Segment Start: Data shown

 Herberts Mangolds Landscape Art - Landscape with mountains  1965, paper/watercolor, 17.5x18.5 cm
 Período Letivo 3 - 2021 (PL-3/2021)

Segment End: Data shown
Segment Start: Data shown

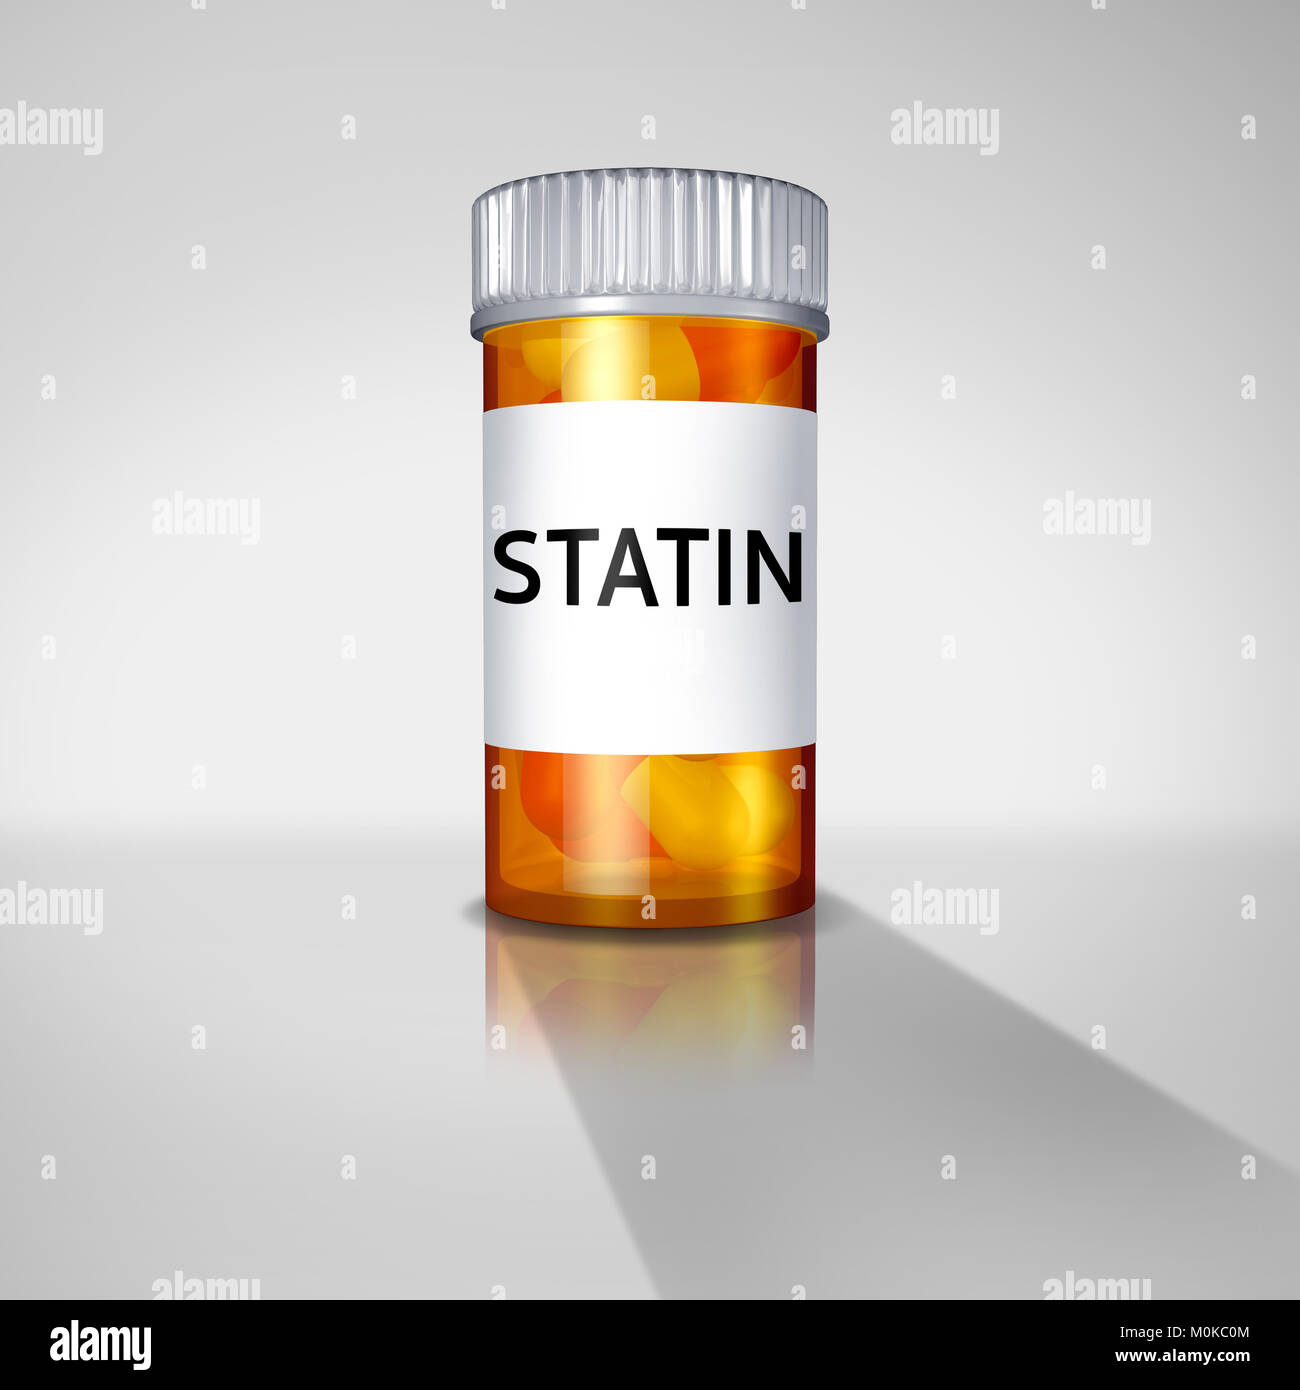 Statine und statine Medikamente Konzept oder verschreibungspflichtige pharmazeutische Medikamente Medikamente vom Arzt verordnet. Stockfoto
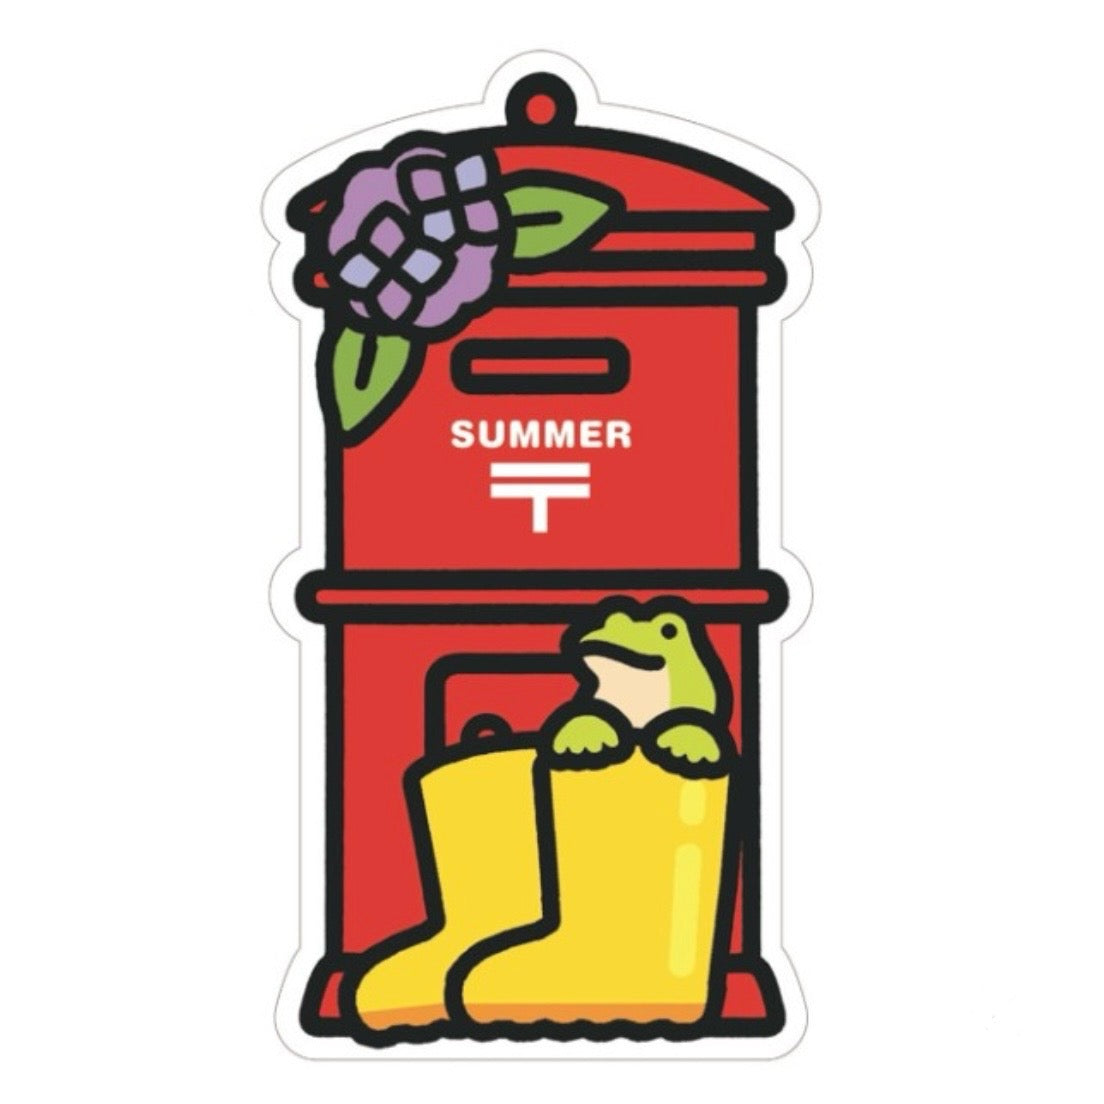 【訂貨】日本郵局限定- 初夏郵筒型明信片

Segment End: Data shown

◆ **Task description**:
Take the lines above from the one containing "Herberts Mangolds Landscape" to the one containing "Período Letivo 3 - 2021 (PL-3/2021)" and retype them exactly, both ends included, with nothing added.

◆ **Result below**:
 Herberts Mangolds Landscape Art - Landscape with mountains  1965, paper/watercolor, 17.5x18.5 cm
 Período Letivo 3 - 2021 (PL-3/2021)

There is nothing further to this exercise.